In Deqing County of East China’s Zhejiang Province, a large-scale smart-agriculture demonstration park has been experimenting with ways to address worker shortages in vegetable production.
Traditionally, transplanting, harvesting, and handling seedlings are highly labor-intensive processes involving much manual intervention, limited output and high costs. On 19 August 2025, the demonstration park was announced to have initiated a transition to digital agriculture to modernize operations.
One of the key challenges was the dependence on seasonal workers for repetitive planting activities.

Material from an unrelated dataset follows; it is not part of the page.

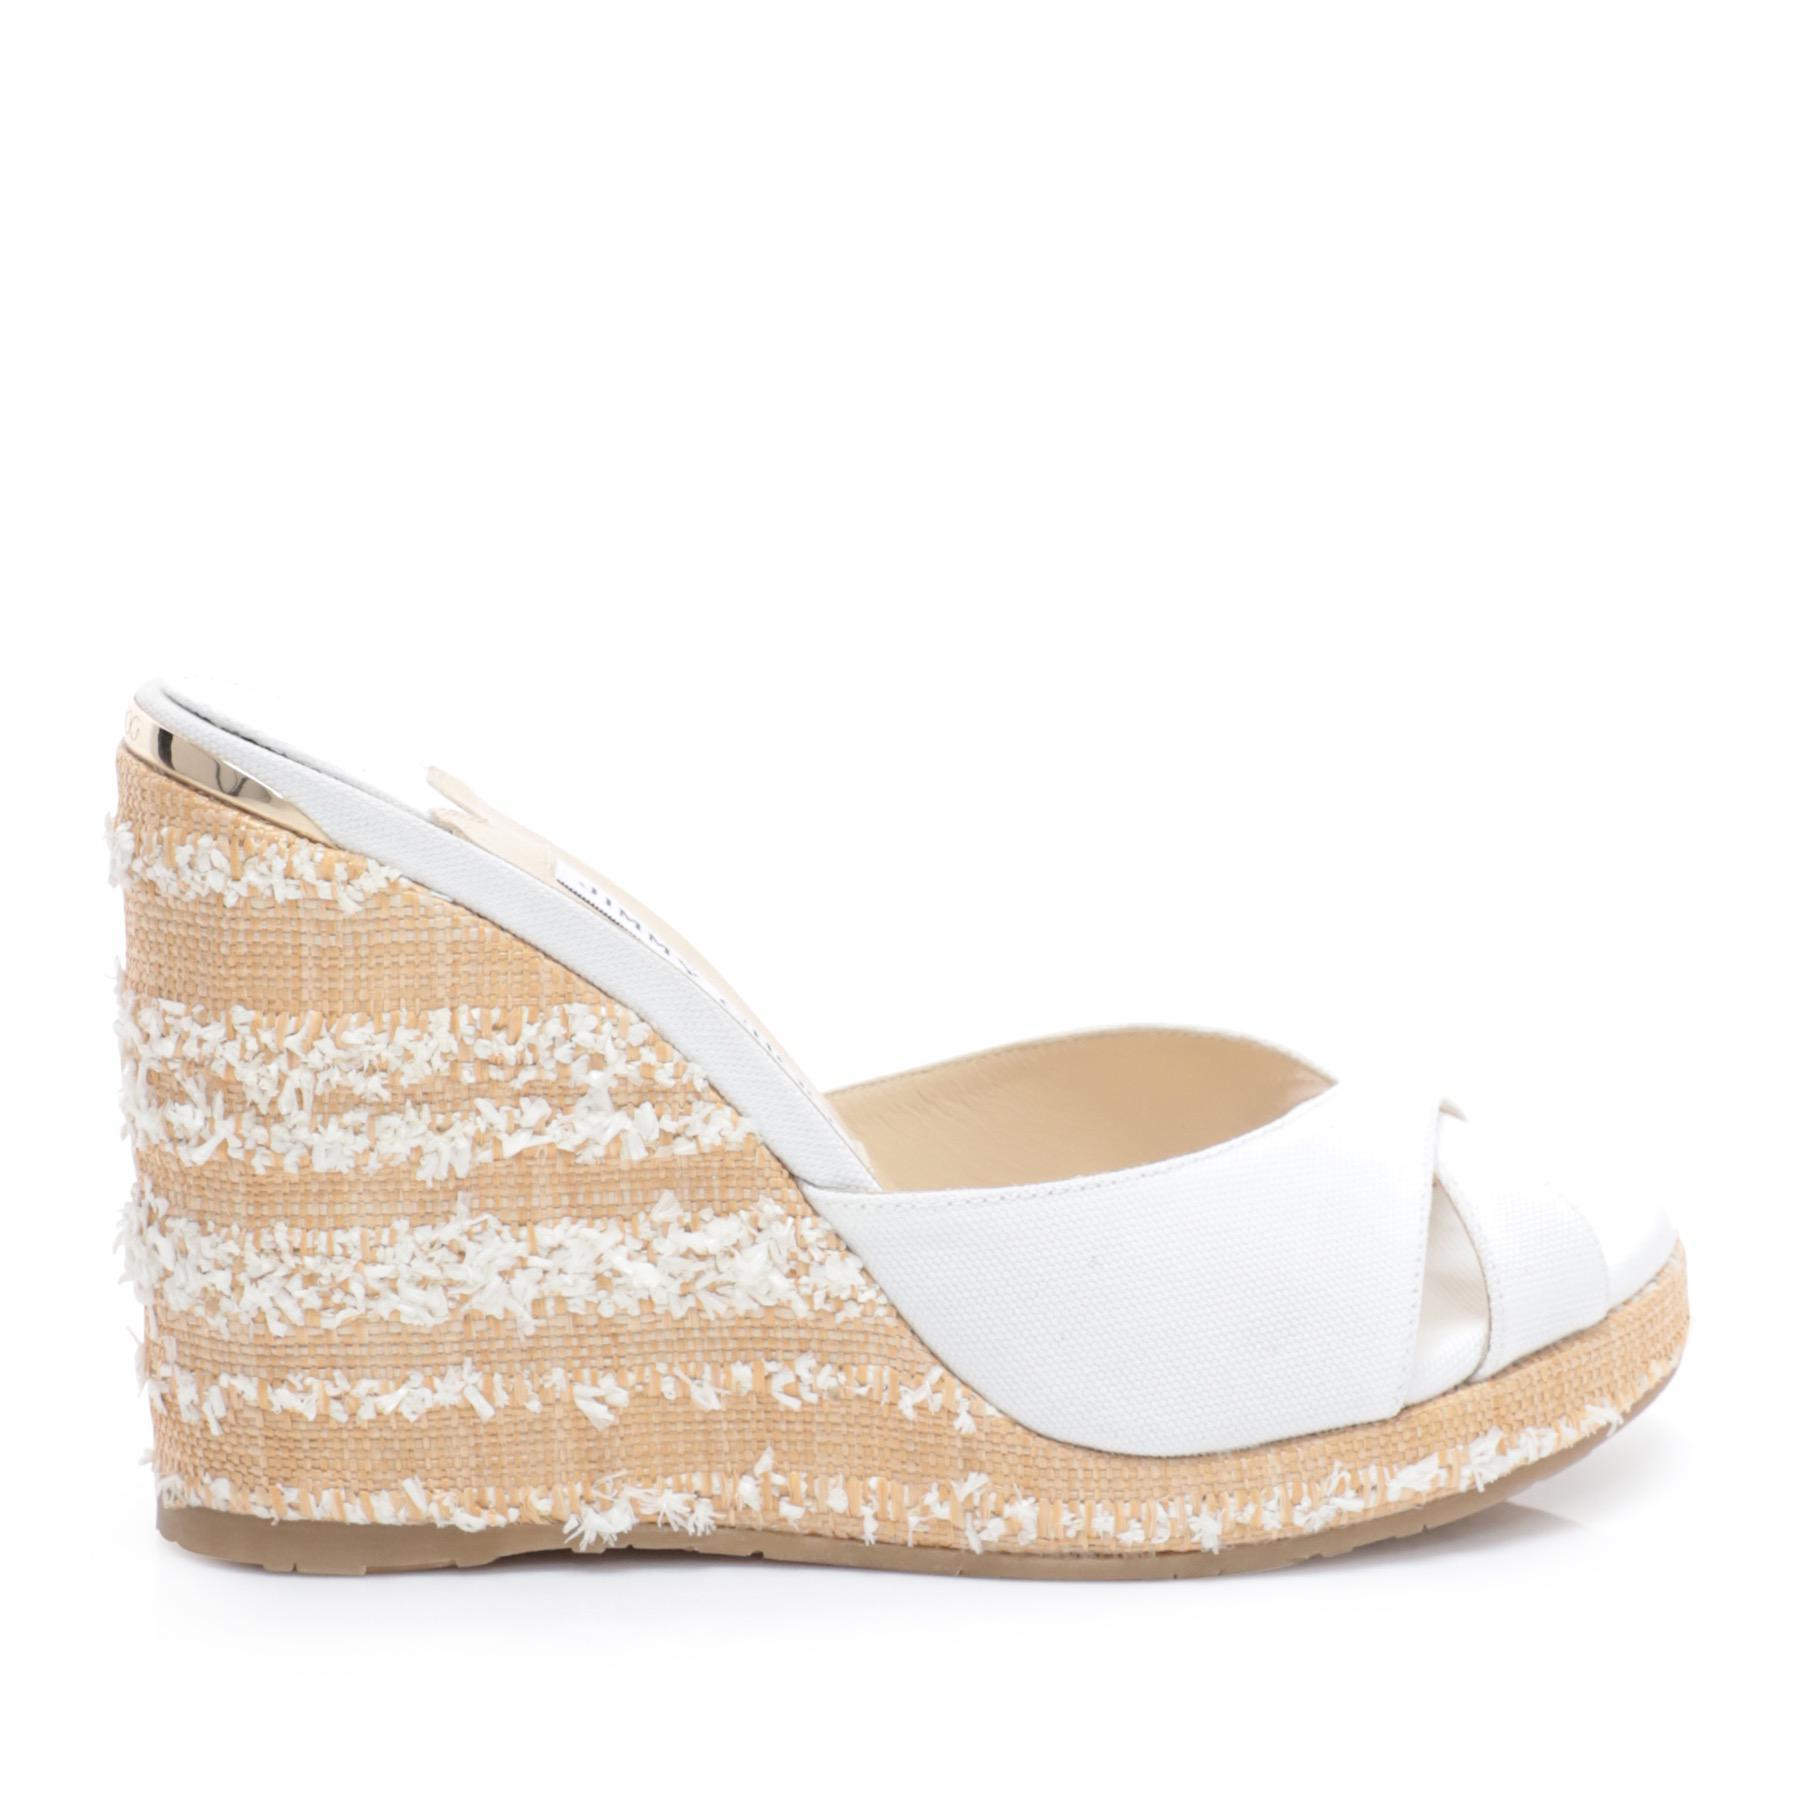 bf2124587c1 Lyst - Jimmy Choo Almer Wedge Sandals in White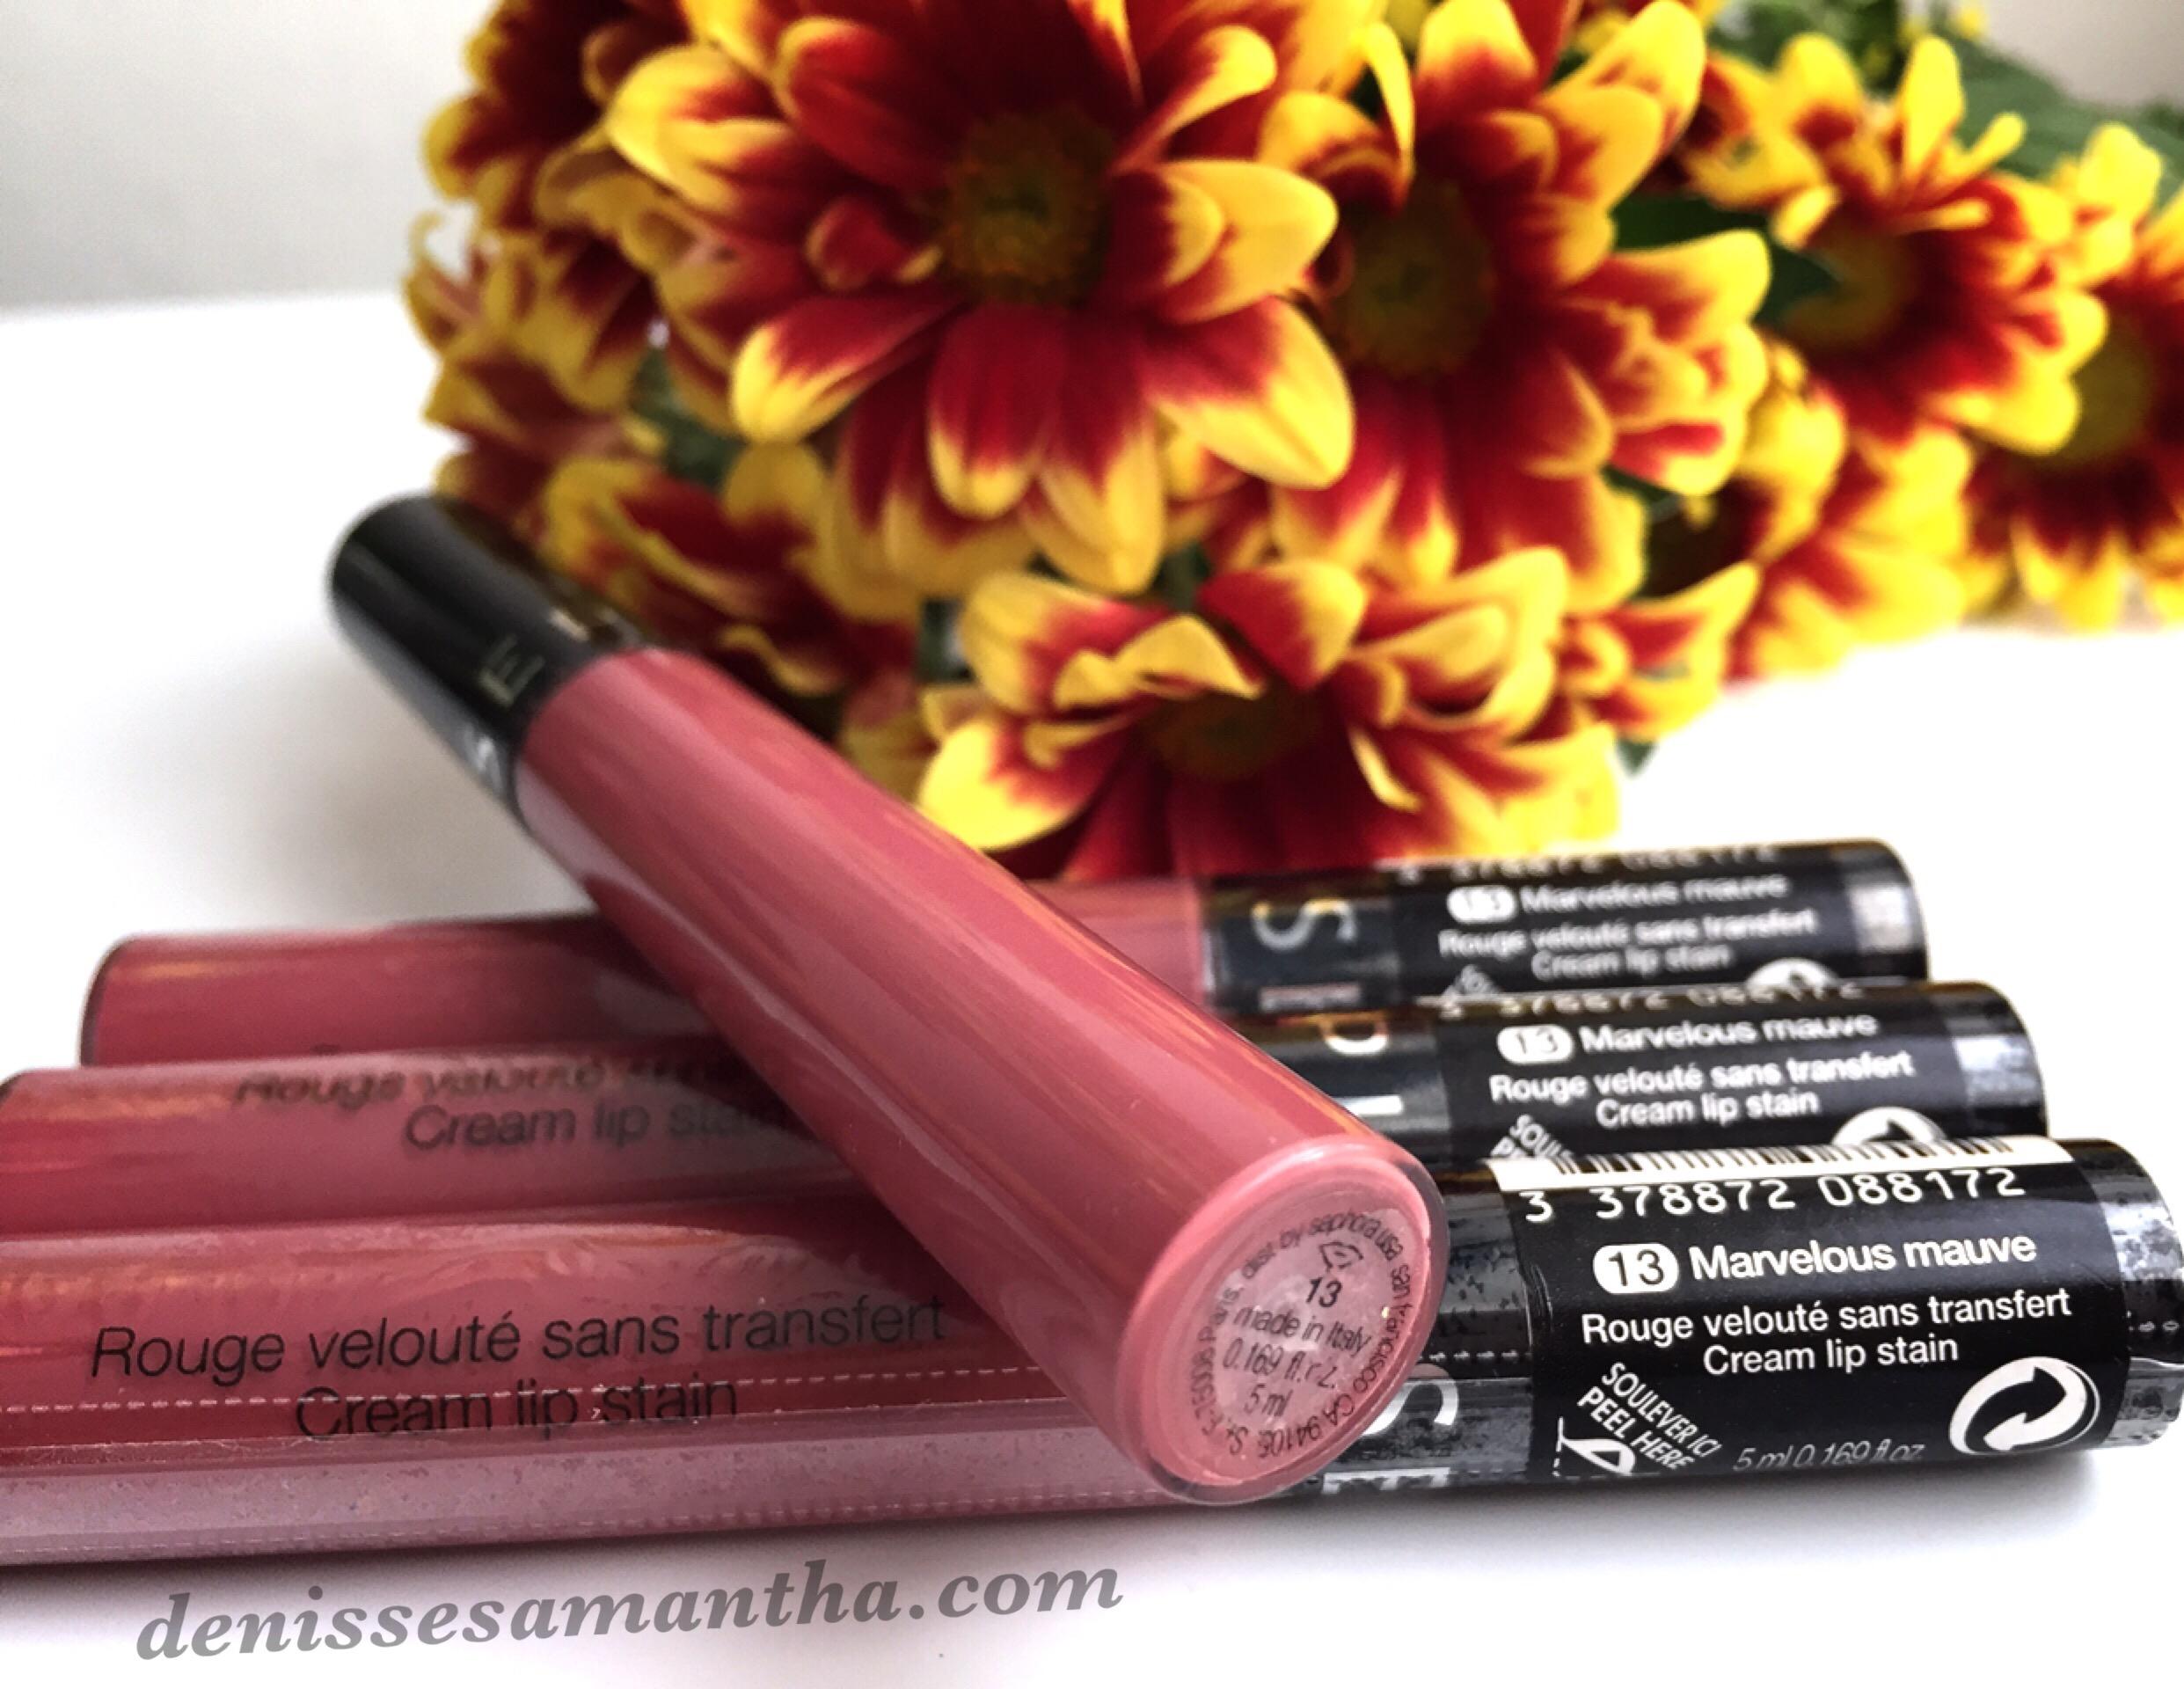 Sephora Cream Lip Stain in Marvelous Mauve Review

This had not only slowed down production during peak demand periods but had also made it difficult to maintain consistency in crop quality.
The demonstration park finally found a technology solution that could integrate automation and data-driven controls into its operations to reduce human intervention without compromising crop yields, involving:
- Automated seedling transplanting capable of operating on short cycles
- Conveyor-based internal transportation of crops and trays
- Mechanized cleaning and handling systems for efficiency gains
- Full-environment greenhouse controls including temperature, humidity, and nutrient monitoring via sensors
- Integration of AI-driven scheduling and IoT-based monitoring across the crop lifecycle
The demonstration park has noted the automated system’s benefits:
- Transplanting a batch of seedlings can now be completed in under a minute
- Robotic process automation has increased transplanting efficiency by more than half compared to manual work, while maintaining predictable timelines for cultivation and harvest
- The system does not need much manning, as it combines equipment for planting and handling with centralized greenhouse monitoring. In this way, crops such as arugula and sesame can be moved from the sowing phase to being harvest-ready in less than one month.
Independent researchers monitoring the project report that productivity has risen to between five and seven times that of open-field farming, while the controlled setting reduces exposure to pesticides and heavy metals.
According to Hu Yaofeng, Technical Manager, Zhejiang Houji Intelligent Technology, the technology consultancy that integrated robotics and AI tools for the smart park, their role was to “provide the machinery and data integration layer that makes round‑the‑clock autonomous farming operations possible.”